Lee Kantor: [00:21:06] Yeah, I mean, it’s it’s a true melting pot, and I’ve been fortunate to do some of the radio for ATC and Georgia State University’s Entrepreneurship Institute and to see those the startups that come out of each one of those are totally different, even though there are just a few blocks apart, you know, from there just down the road from each other. But it’s a different group of people, a different kind of mission and different kind of activities that interest them and they’re good at. And it’s just fascinating to see them both have a place to grow and learn, and people are investing in them and helping them get to new levels. And I think that that is, you know, that raises all boats, that kind of effort and that type of collaboration. I think that’s what we need here in Atlanta. More of and that’s what the country needs as a whole.

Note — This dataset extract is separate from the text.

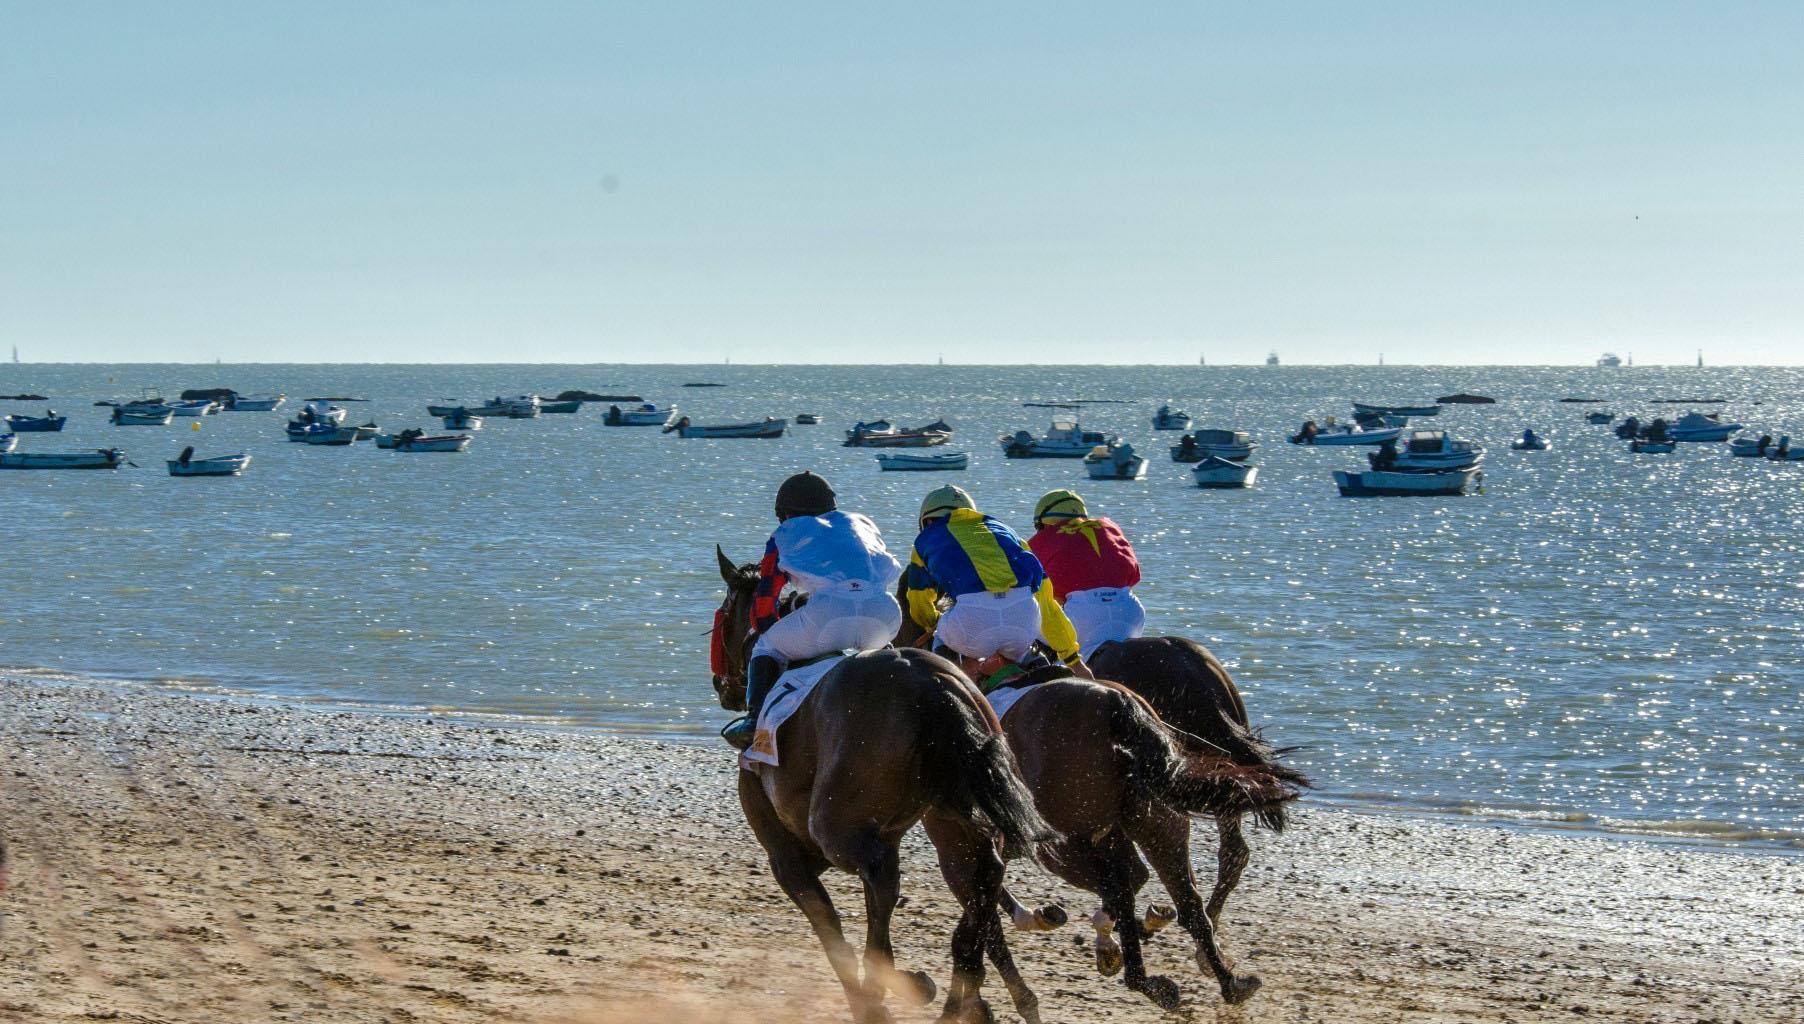 Beach horse racing Sanlucar de Barrameda

Kelly Gay: [00:21:54] Mm hmm. I completely agree and you said an important thing, but the populations are different and the support and raising up is probably a little different. But the strength is in all of us. No one of us, the strength is and the strength is in the diversity. And I mean that broadly, not just underrepresented communities. And that’s an important point that you just make.
Lee Kantor: [00:22:21] Well, thank you so much for all that you do, and congratulations on the John M. Leo Award. We really appreciate you and your work here in the city and beyond. And if there’s anything we could be doing for you, please let us know. We think your work is important.
Kelly Gay: [00:22:38] Well, thank you. Thank you so much, Liane. Thanks for the time.